Aksaraylı Îsâ ile ilgili yapılan araştırmalara göre Aksaraylı Îsâ’ya ait olduğu düşünülen dört eser vardır: 1.Mirâciye: Süleymaniye Kütüphanesi, Laleli bölümünde 3756 numara ile kayıtlı olan yazmanın 64a-75 sayfaları arasında bulunan Mirâciye, aruzun fâʽilâtün / fâilâtün / fâilün vezniyle yazılmış mesnevi türünde bir eserdir. 341 beyit tutarında olan eser harekeli nesih ile yazılmıştır. Eserin imlası ve eserde geçen bazı Eski Türkçe kelimeler göz önünde alındığında, Mirâciye’nin XIV. yüzyılda yazıldığı düşünülmektedir. Eserde İslam’ın beş şartı, tövbe, mübarek gün ve geceler gibi dinî konularda bilgiler verilmiştir. Eserin asıl kısmını, 59. beyitten itibaren başlayan miraç hadisesi oluşturmaktadır. 2.Vefât-ı İbrahim: Aruzun fâilâtün / fâilâtün / fâilün vezniyle yazılmış olan ve farklı nüshalarda 106-114 beyit tutarında olan bu eserin on üç nüshası tespit edilmiştir. Sema Özdemir’in belirttiğine göre bu nüshalardan üç tanesinde Kırşehirli Ali, üç tanesinde Kırşehirli İsa, birinde Kayserili İsa adları yer alırken eserin altı nüshasında herhangi bir ada rastlanmamıştır. Hz. Muhamed’in oğlu İbrahim’in vefatını anlatan halk tipi dinî-destanî bir manzumedir. Hikâyede Hz. Peygamberin ümmetini oğluna tercih etmesi anlatılmıştır. 3.Dâsitân-ı İsmail: Eserin iki nüshası tespit edilmiştir. Birincisi Milli Kütüphanede 06 Mil Yz A 3881/5 arşiv numarasıyla kayıtlı olan yazmanın 62a-65b varakları arasında yer almaktadır. Aruzun fâilâtün / fâilâtün / fâilün kalıbıyla yazılan eser 90 beyitten oluşmuştur. Bu nüshada müellifin adı şiirin sonunda Aksaraylı Îsâ olarak geçmektedir. İkinci nüsha yine Millî Kütüphanede 06 Mil Yz A 6823/5 numara ile kayıtlıdır. Eser 128 beyitten oluşmaktadır ve mesnevi nazım şekliyle yazılmıştır. Bu nüshada müellifin adı belirtilmemiştir. Eser, yazmanın 17b-21b varakları arasında bulunmaktadır. Dâsitân-ı İsmail’de Hz. İbrahim ile oğlu İsmail arasındaki kurban olayı ele alınmıştır. 4.Hikâyet-i Şuhmâ: Eserin tek nüshası, Millî Kütüphanede 06 Mil Yz A 6823/2 arşiv numarasıyla da kayıtlıdır. Eserin adı yazmada Destân-ı Şuhmâ ve Hikâyet-i Şuhmâ olmak üzere iki farklı biçimde geçmektedir. Dinî ve ahlakî konulu manzum bir halk hikâyesi olan eser mesnevi tarzında yazılmıştır. Eserin müellifi 100. beyitte Aksaraylu Îsâ biçiminde geçmektedir. 103 beyitten oluşan hikâyede, Hz.
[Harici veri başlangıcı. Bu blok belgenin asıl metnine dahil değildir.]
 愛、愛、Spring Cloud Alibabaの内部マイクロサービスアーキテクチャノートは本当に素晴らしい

Ömer’in oğlu Şuhmâ’nın bir gün, meclisten çıktıktan sonra bir Yahudi’yle karşılaşması ve daha sonra gelişen olaylar anlatılmıştır.

KAYNAKÇA

  • Bulut, T., K. (2020). “Eski Anadolu Türkçesi Dönemine Ait Bir Eser: Aksaraylı Îsâ, Destân-ı İsmâîl”. Journal of Old Turkic Studies (Cilt: 4 Sayı: 2): 306-375.
  • Güneş, İ. (2018). “Aksaraylı Îsâ’nın Dâsitân-ı İsmail Adlı Eseri”. III. Uluslararası Kültür ve Medeniyet Kongresi.
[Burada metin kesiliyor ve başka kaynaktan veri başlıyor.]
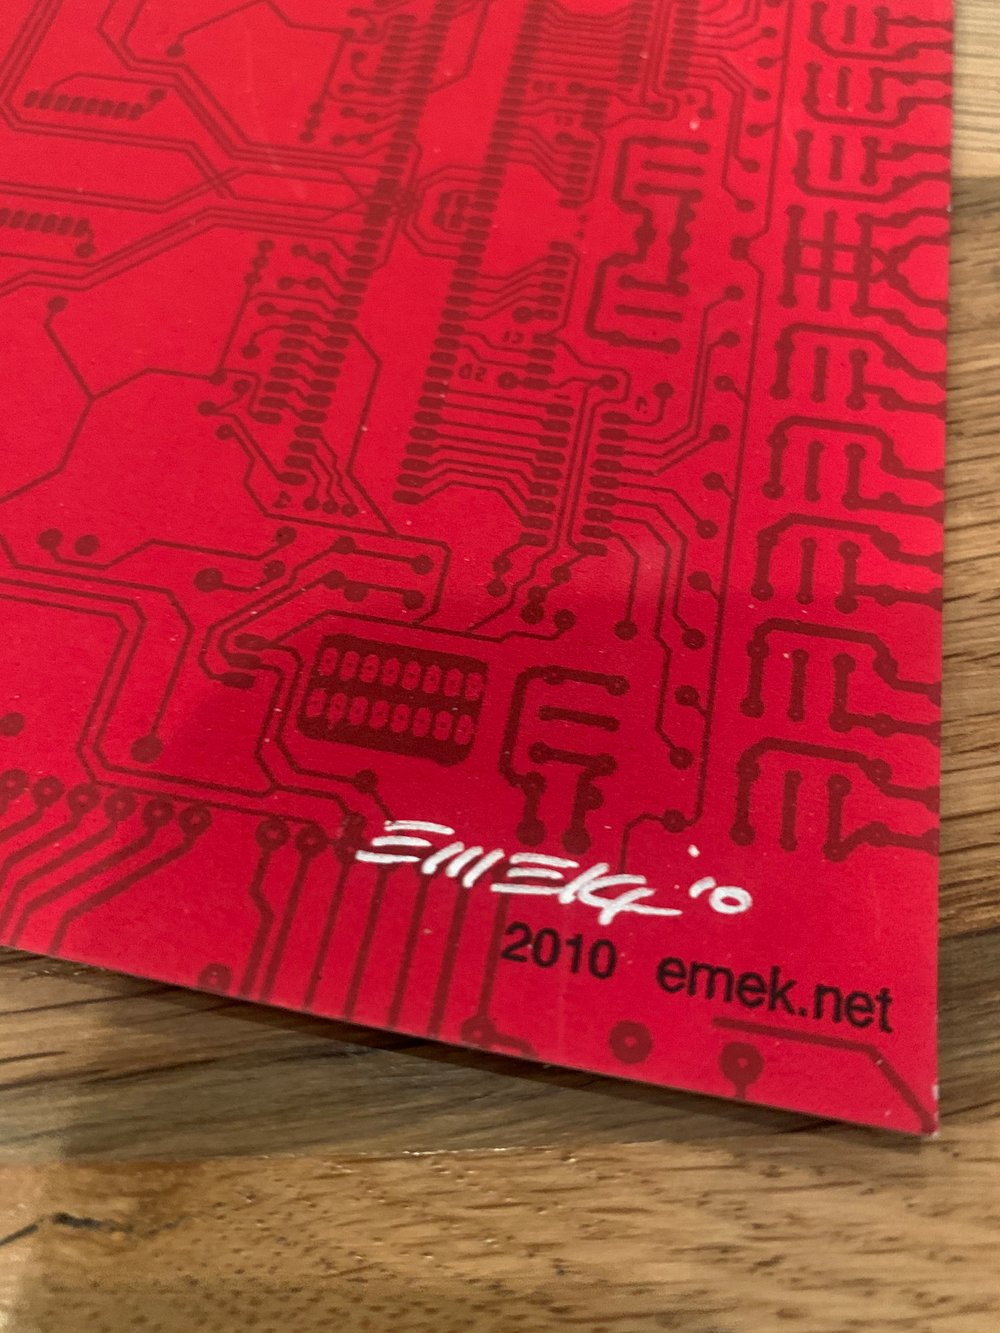 Deadmau5 Silkscreen Concert Poster By EMEK, Signed By The Artist

  • Kocatürk, V., M. (1964). Türk Edebiyatı Tarihi. Ankara: Edebiyat Yayınevi.
  • Konyalı, İ., H. (1974). Abideleri ve Kitabeleri İle Aksaray Tarihi. İstanbul.
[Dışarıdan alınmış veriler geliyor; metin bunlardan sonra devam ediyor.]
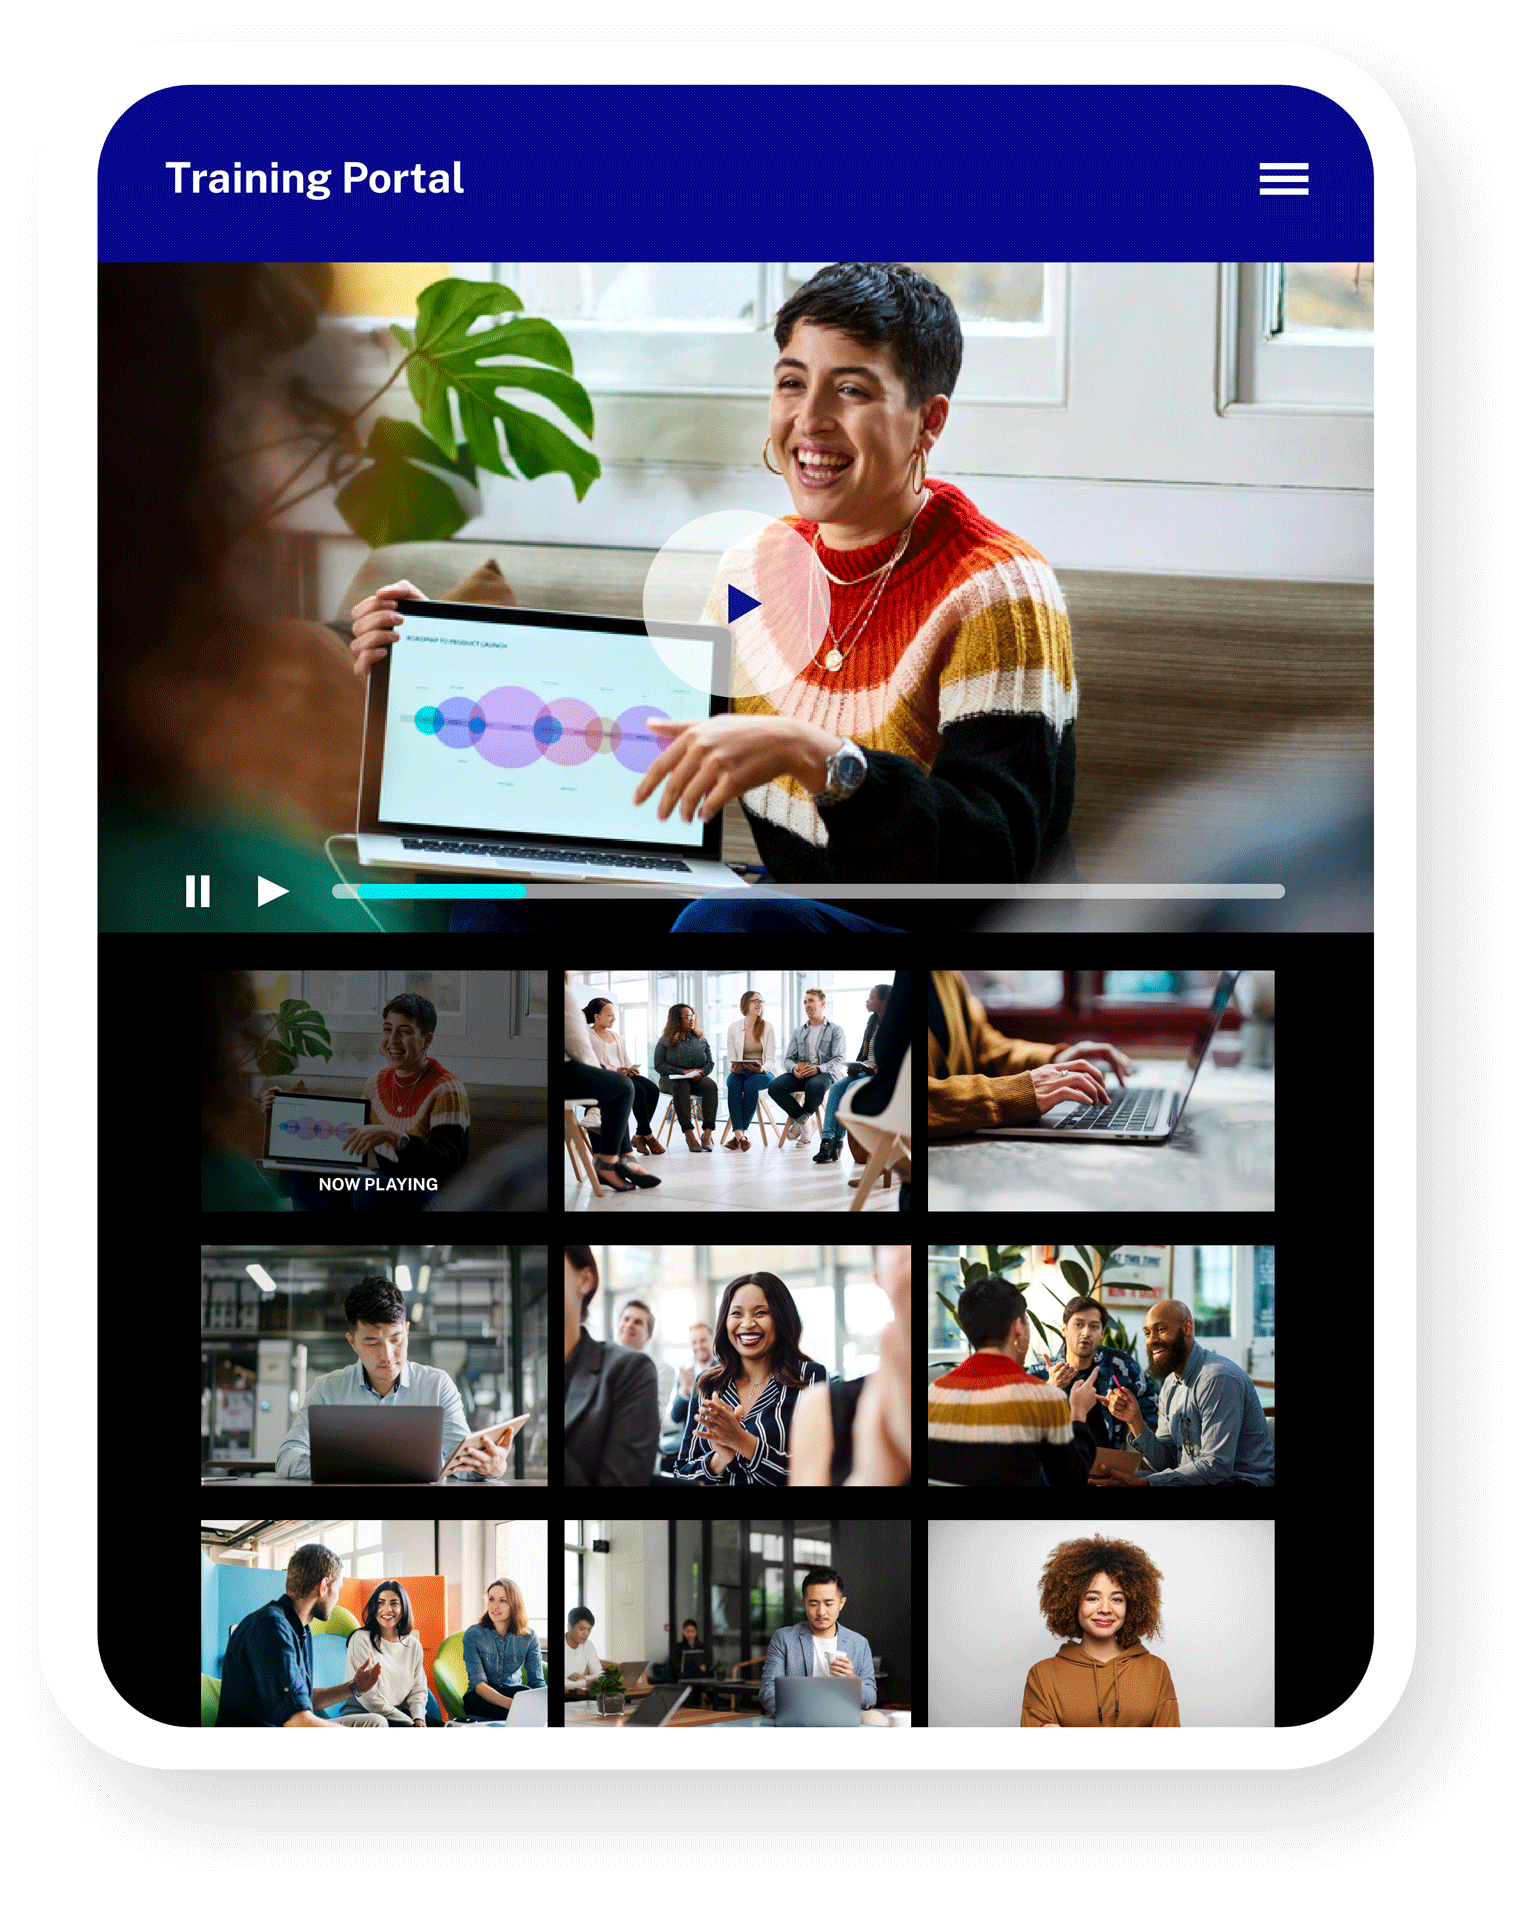 Portal de vídeos de formación para empleados en una tablet

  • Korkmaz, Ş. (2020). “Eski Anadolu Türkçesi Dönemine Ait Bir Hikâye: Aksaraylı Îsâ: Hikâyet-i Şuhmâ”. Journal of Old Turkic Studies (Cilt: 4 Sayı: 1): 98-151.
  • Mazıoğlu, H. (1982). Türk Edebiyatı, eski. Türk Ansiklopedisi. (Cilt. 32, s. 80-134).  MEB Yay.
  • Özdemir, S. (1996). “Aksaraylı İsa’nın Mi’raciye’si”. Yüksek Lisans Tezi. İstanbul: Marmara Üniversitesi.

Madde Yazım Bilgileri
Yazar: Dr. Öğr. Üyesi İsmail GÜNEŞ

Anahtar Kelimeler: Aksaray, Şair, İsa.